**Exercise requirements:** Leave out all pictures and retype exactly the lines from the one with "Frankreich 1944 Liberation" through the last line of the material.

**Given material:**
• • • •
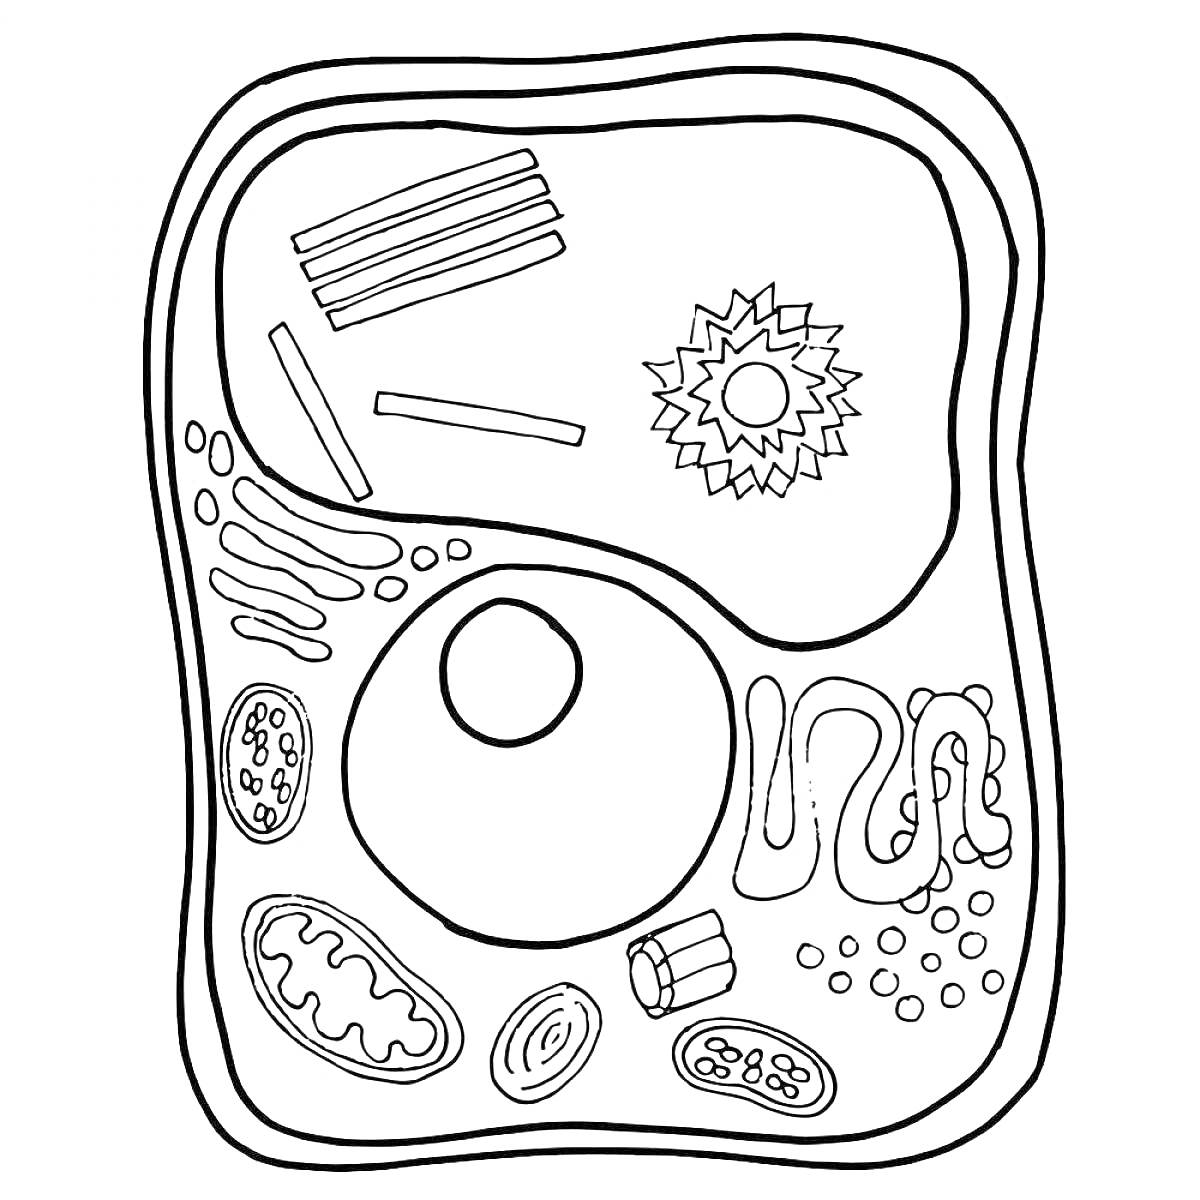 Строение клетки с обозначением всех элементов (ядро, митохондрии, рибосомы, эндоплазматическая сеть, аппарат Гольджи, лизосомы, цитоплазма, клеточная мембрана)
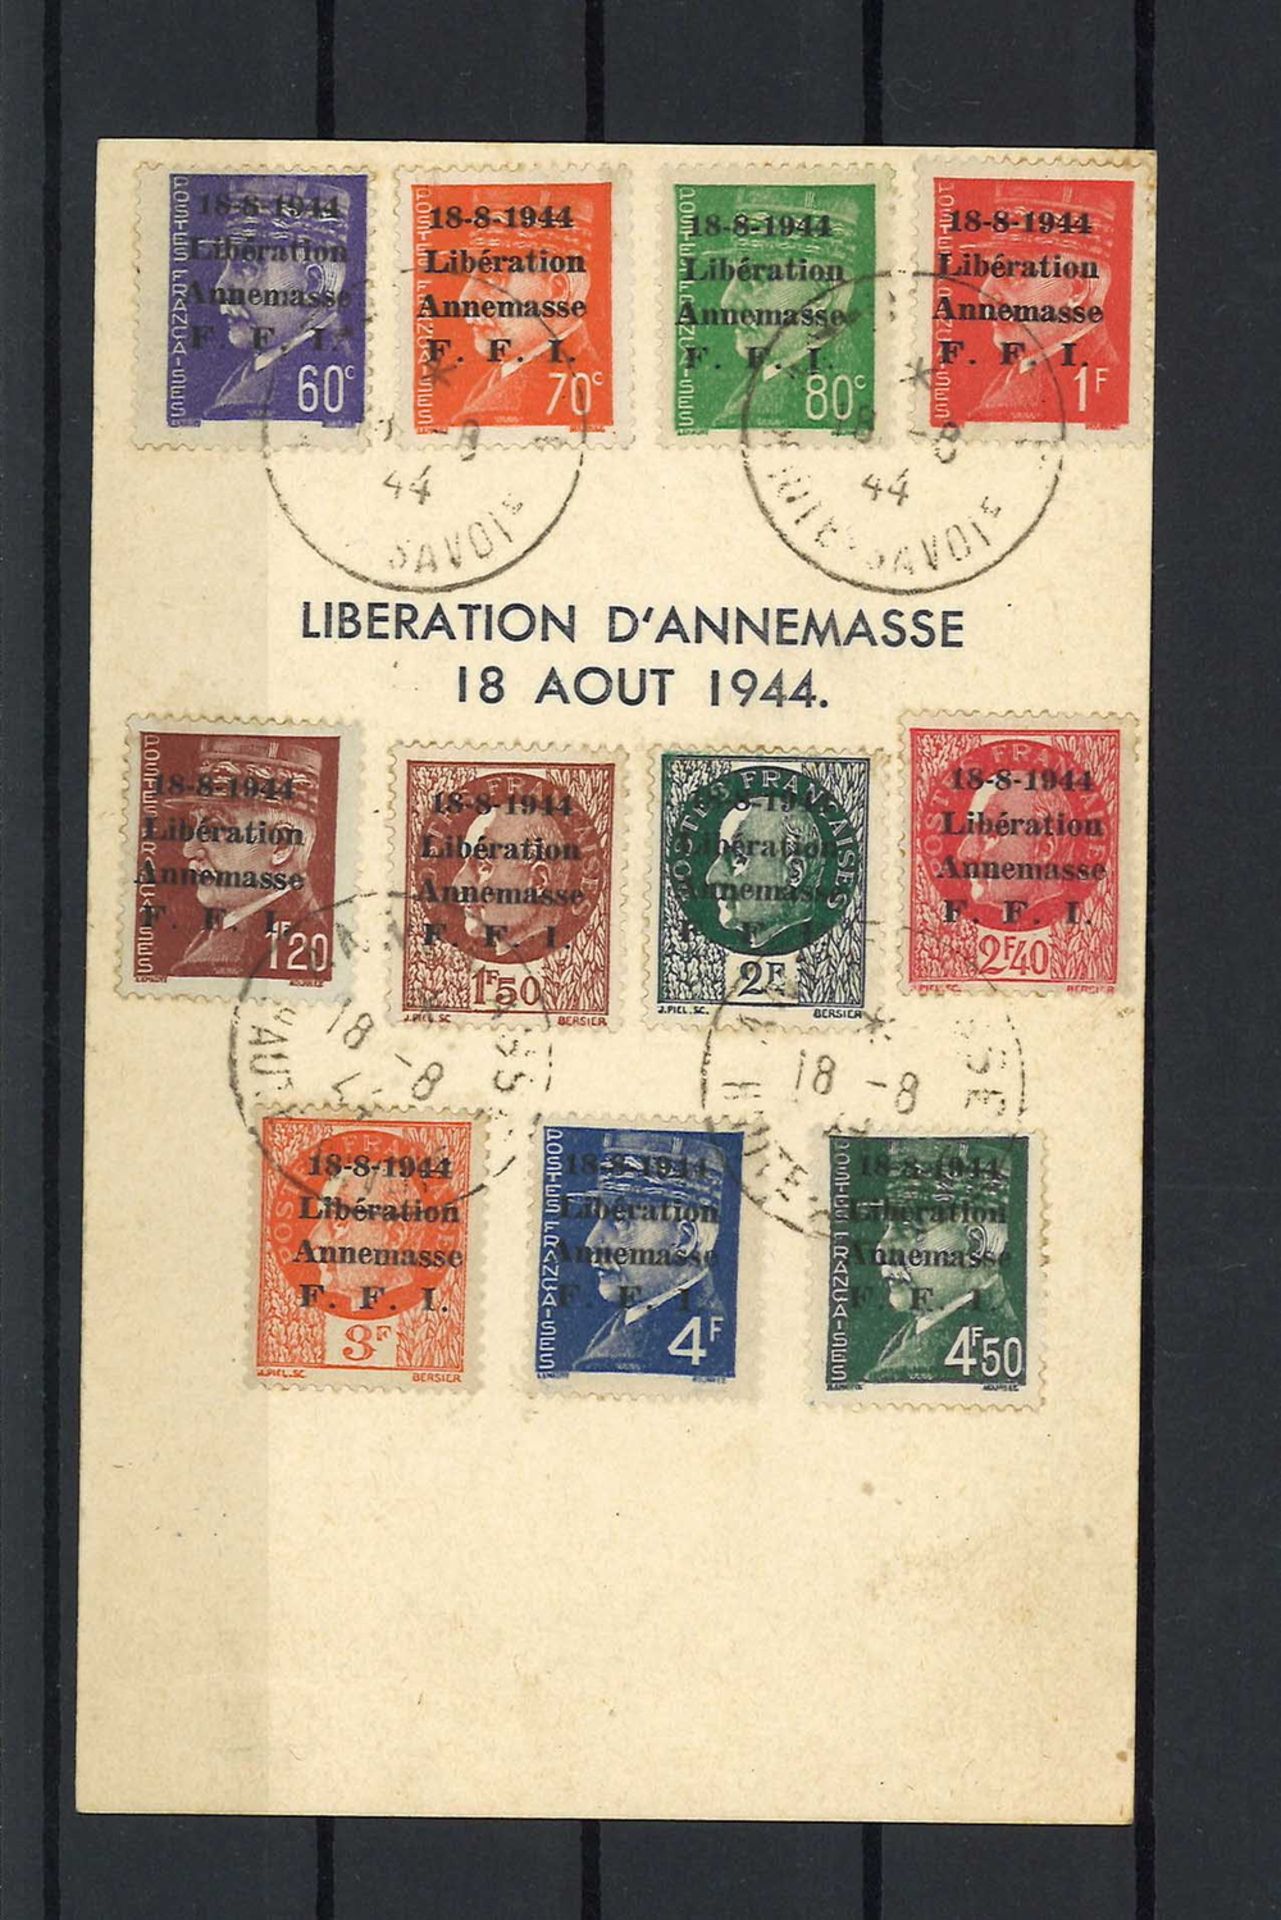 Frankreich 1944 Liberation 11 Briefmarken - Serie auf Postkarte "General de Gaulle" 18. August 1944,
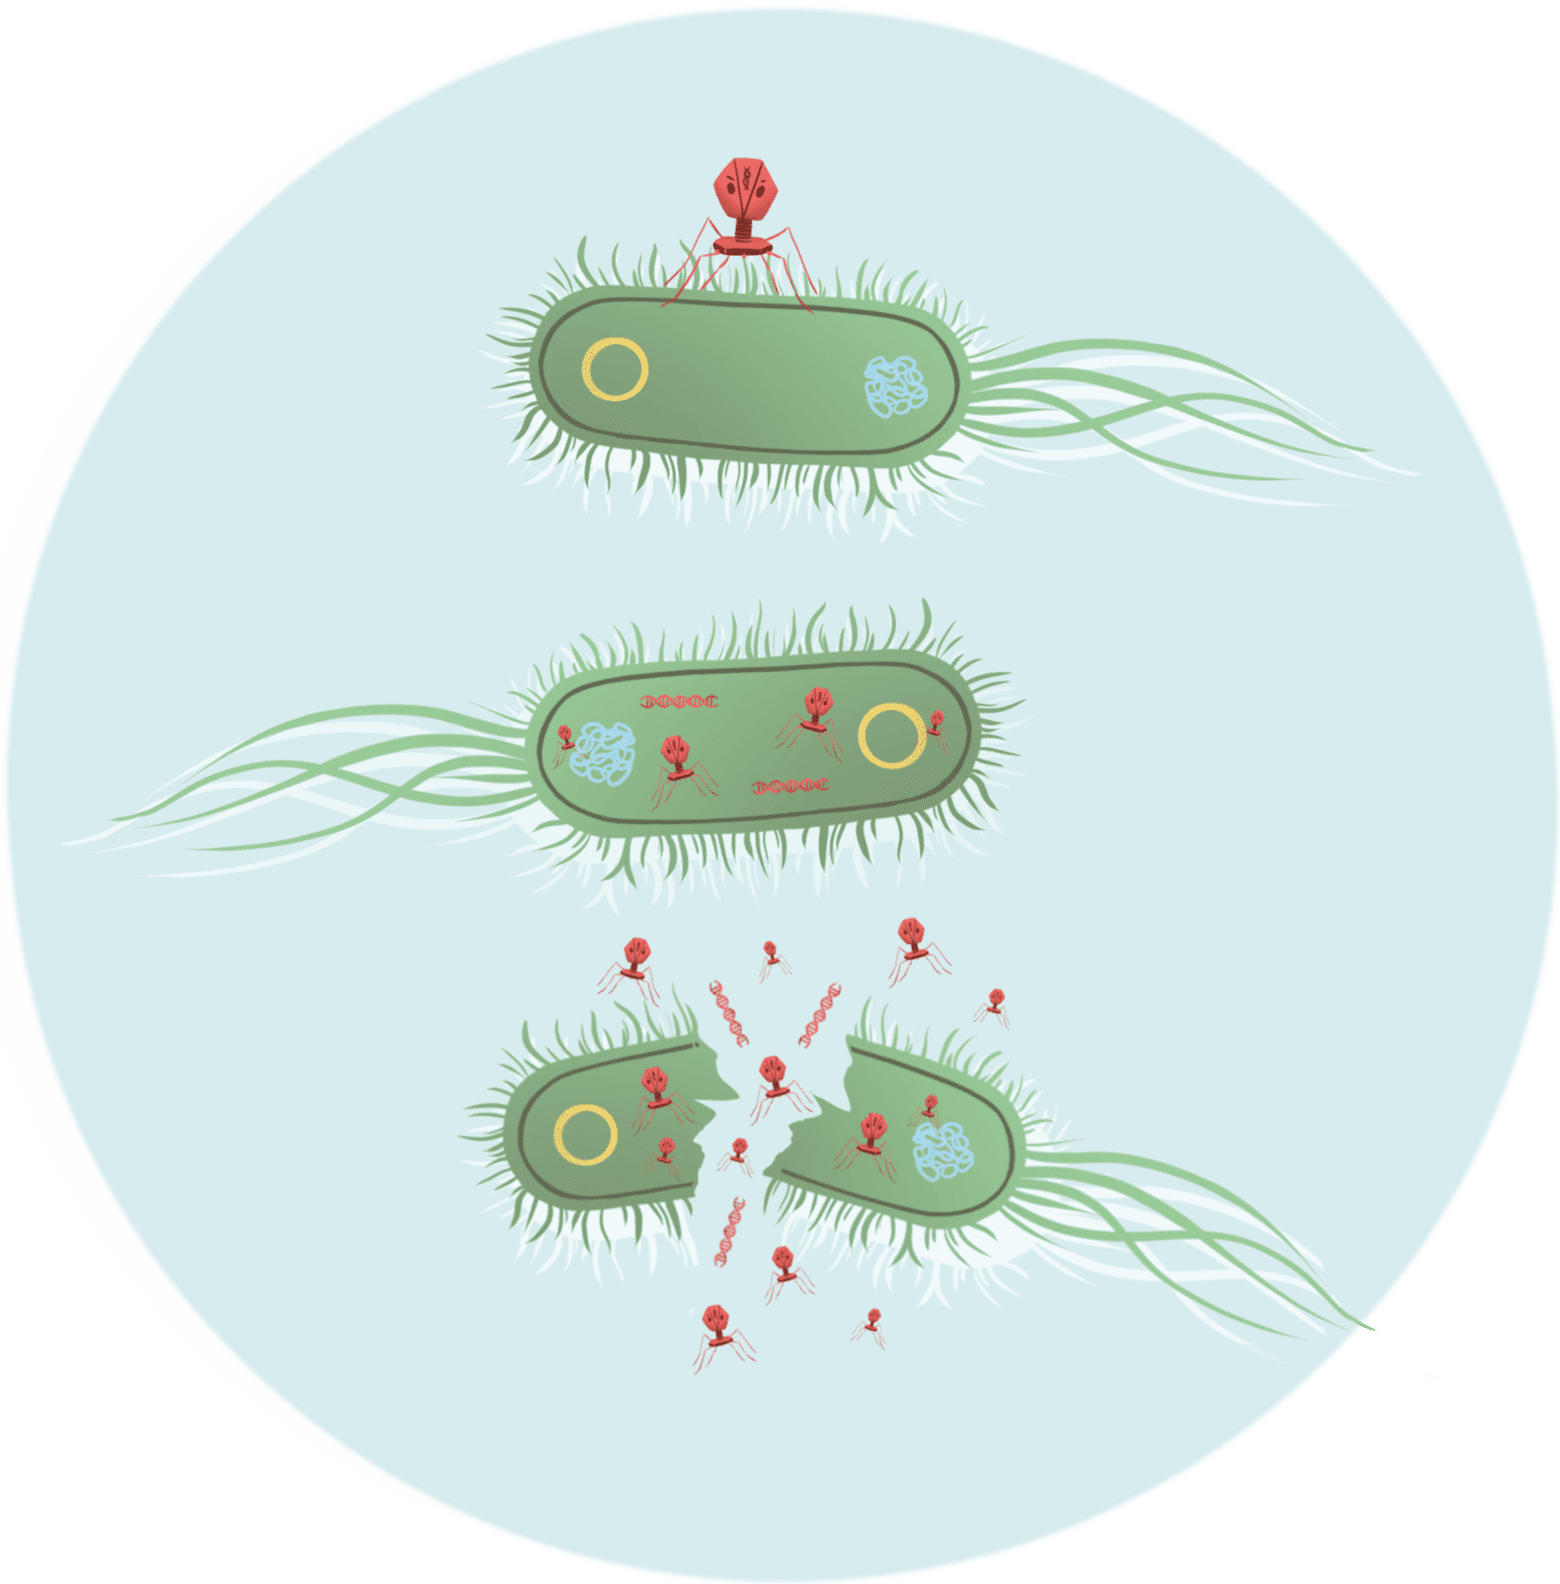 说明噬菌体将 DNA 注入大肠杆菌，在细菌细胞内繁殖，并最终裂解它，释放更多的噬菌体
• • • •
**Written response:**
 Frankreich 1944 Liberation 11 Briefmarken - Serie auf Postkarte "General de Gaulle" 18. August 1944,
 说明噬菌体将 DNA 注入大肠杆菌，在细菌细胞内繁殖，并最终裂解它，释放更多的噬菌体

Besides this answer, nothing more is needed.